## [Records provided]

Start of Block

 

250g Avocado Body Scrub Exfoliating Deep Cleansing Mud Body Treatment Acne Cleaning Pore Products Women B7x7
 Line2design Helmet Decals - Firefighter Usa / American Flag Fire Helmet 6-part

End of Block
Start of Block

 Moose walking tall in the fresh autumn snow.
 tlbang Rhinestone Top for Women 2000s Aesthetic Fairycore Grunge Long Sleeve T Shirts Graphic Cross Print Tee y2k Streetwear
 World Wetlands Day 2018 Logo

End of Block
Start of Block

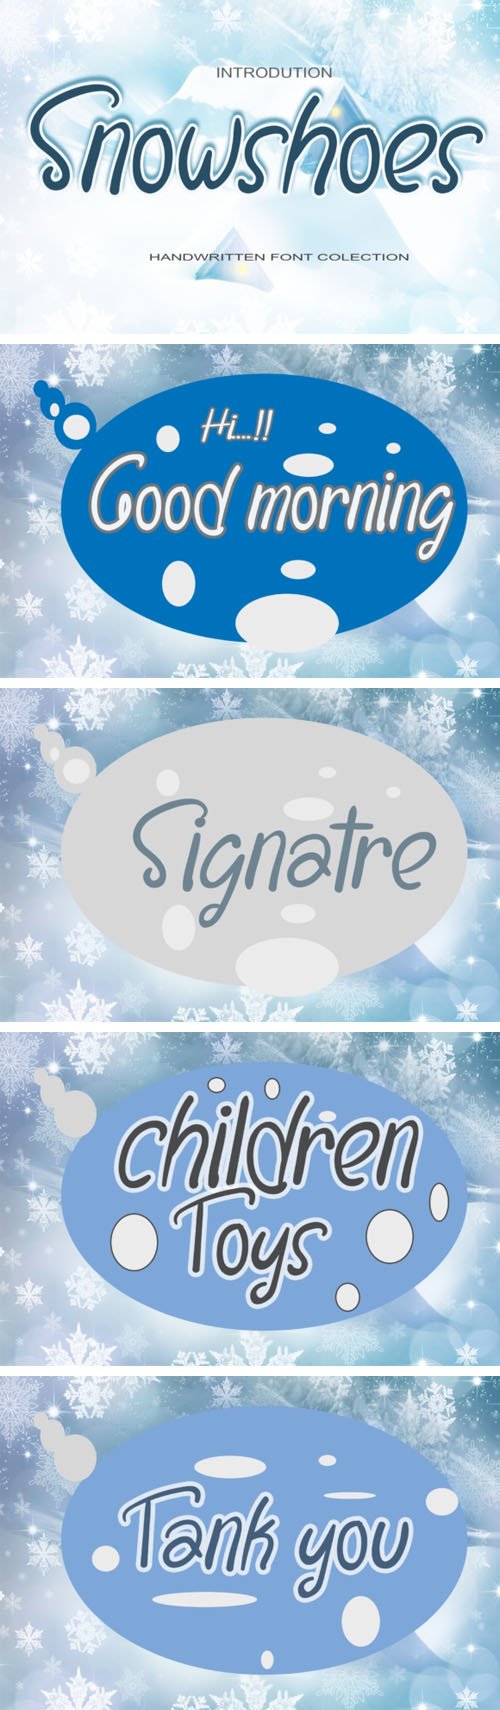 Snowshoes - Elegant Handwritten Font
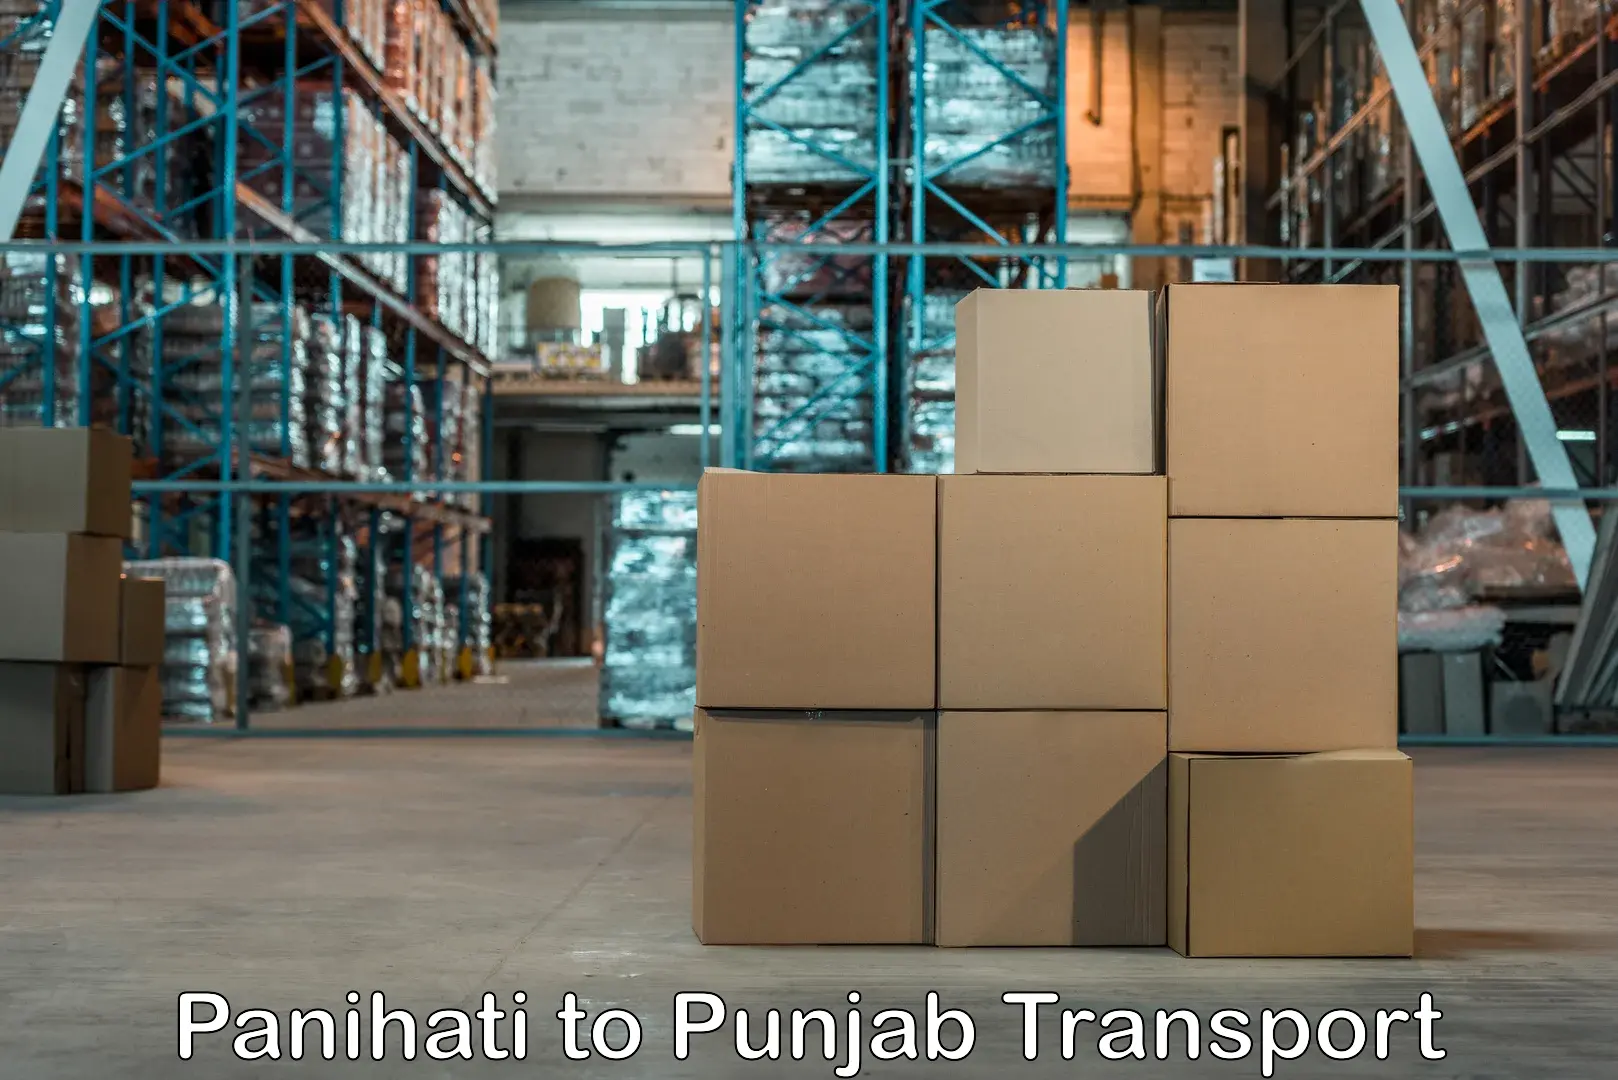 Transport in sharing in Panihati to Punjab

End of Block

## [What is being asked]
In the entries above, please find the line with "Moose walking tall in the fresh autumn snow." and the line with "World Wetlands Day 2018 Logo", then write out exactly those two lines and every line between them, and nothing more.

## [Reply to the task]
 Moose walking tall in the fresh autumn snow.
 tlbang Rhinestone Top for Women 2000s Aesthetic Fairycore Grunge Long Sleeve T Shirts Graphic Cross Print Tee y2k Streetwear
 World Wetlands Day 2018 Logo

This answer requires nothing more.